I know Jen has been criticized for this as being privileged, but this "privilege" is what allowed her to make such a great and important film. But, it is just her story. While this is a fantastic start, I feel I must speak up for all the pwME who are struggling to get food, water, warmth, housing and rest needs met. There are thousands of us without homes (or Airstreams) who are living in tents in the desert, nursing homes, hospitals, cargo trailers and cars who are often freezing, isolated and desperate. There are thousands of us who can't swallow food, keep it down or even get parenteral nutrition as Whitney does (which is far from ideal in itself, but it keeps his needs met as best as they can be at the moment). There are thousands of us who are alone, without family or friends. There are thousands of us not getting our basic emotional needs met or who are being abused. There are thousands of us who rely on caregivers that don't show up to help us eat or pee or change our stinky pee sheets from the time the previous caregiver also failed to show up. There are thousands of us who don't know where next month's rent will come from, or even where the money for food will come from, let alone the money for heating, cooling, care, or assistive devices. There are thousands who do not have access to basic necessary medications like thyroid pills (and I'm not even talking about the likes of Valcyte, Rituxin or Ampligen here).
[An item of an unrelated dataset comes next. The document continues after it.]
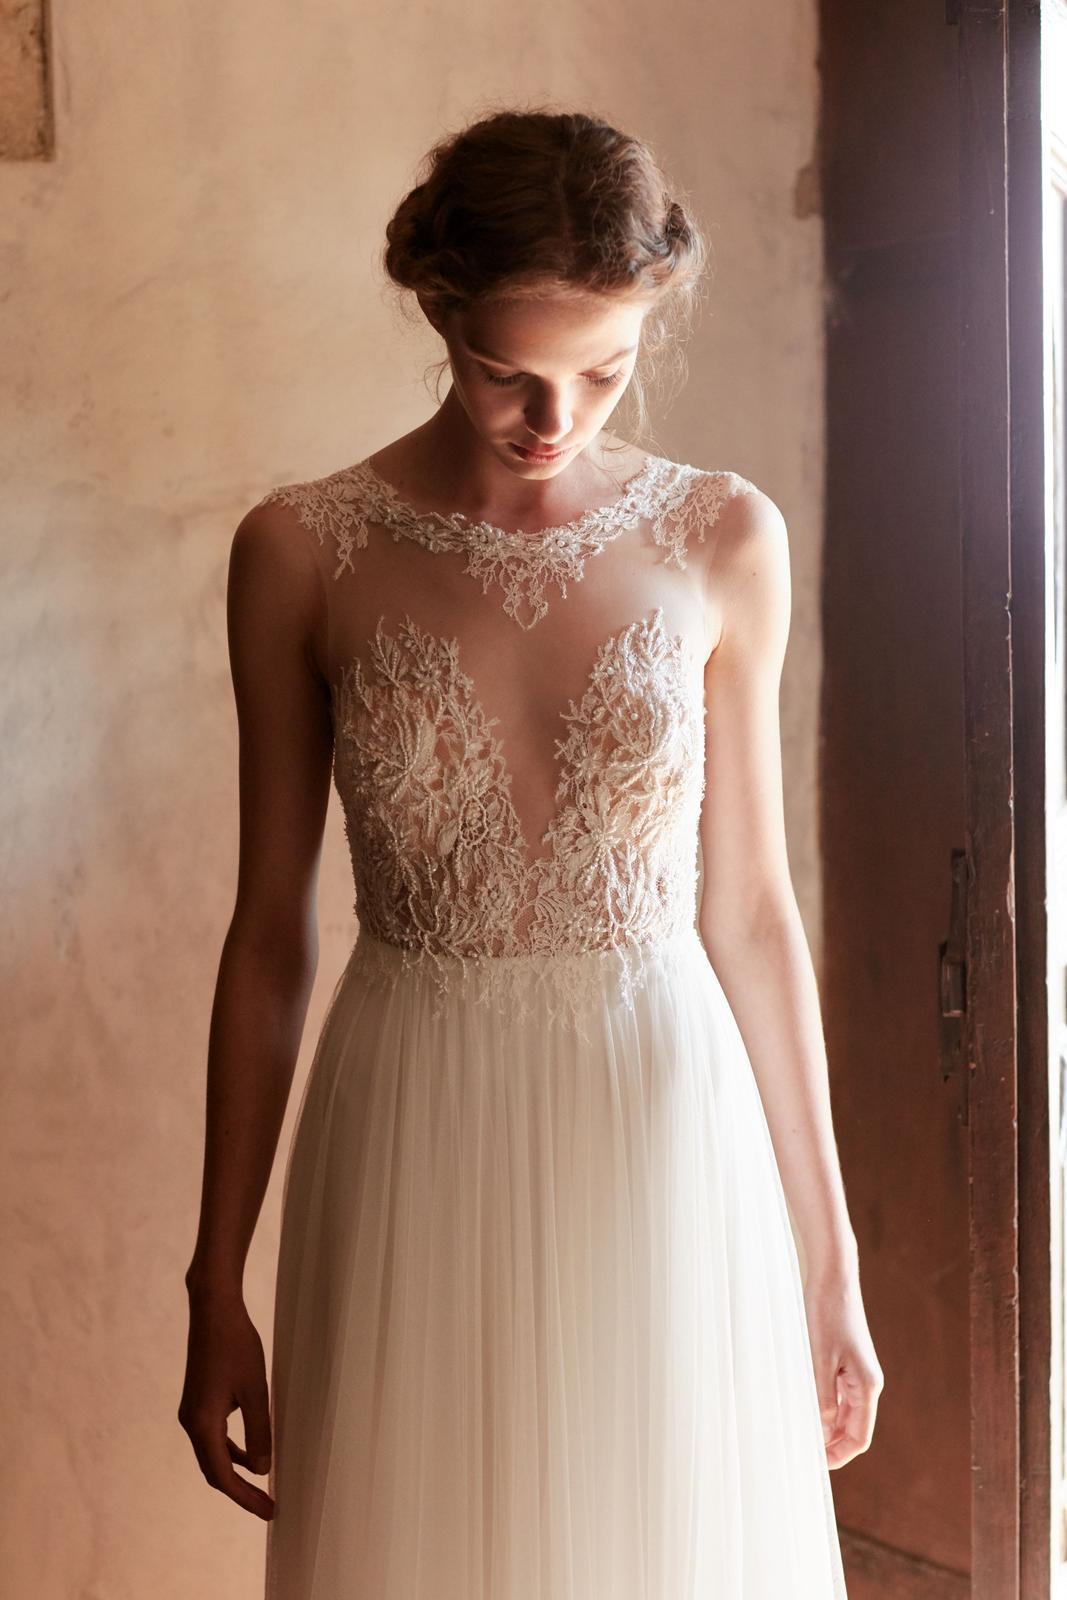 Anna Kara * Svadobné šaty z kolekcií na rok 2019 - Obrázok č. 52

I do not expect Jen to cover all these things as they're not part of her narrative, but I feel obliged to because it has been the narrative of most of us at some point.

So yes, as I am here alone and not eating on a holiday known for togetherness and feasting, I am profoundly aware that we are millions missing. But, even more so, at this moment I'm feeling we are also thousands missing from this film.

If I can get metaphysical here, it's the shoulders of the sickest and most disenfranchised ME patients that allowed this film to be made. If we didn't exist, those of us who are the film-makers couldn't exist. Somebody has to be the least functional so that there can be others that are more functional. Someone has to be the patient so that the nurse can have a job. Am I making sense? People speak of doing "service", and they are always thanked, but nobody thanks the people who make the service necessary in the first place. In absolute reality, giver and receiver are one. I know every level of this illness brings it's own set of challenges, but being severely ill, bed bound/housebound, isolated, and/or homeless, without food and other basic needs *is* the most challenging ME journey. I don't know why some of us are entrusted to be the least functional (it's an extremely unrewarding job), while others of us are able to carve out new lives with great meaning but this is how it goes. And yet, we all belong as part of the fabric of this story, whatever part we've been woven into.

I suppose this is why I give Jen, and everyone who helped make UNREST happen, my sincere and wholehearted thanks on Thanksgiving Day. On behalf of the thousands of us I additionally mention, this is also why I say "You're welcome".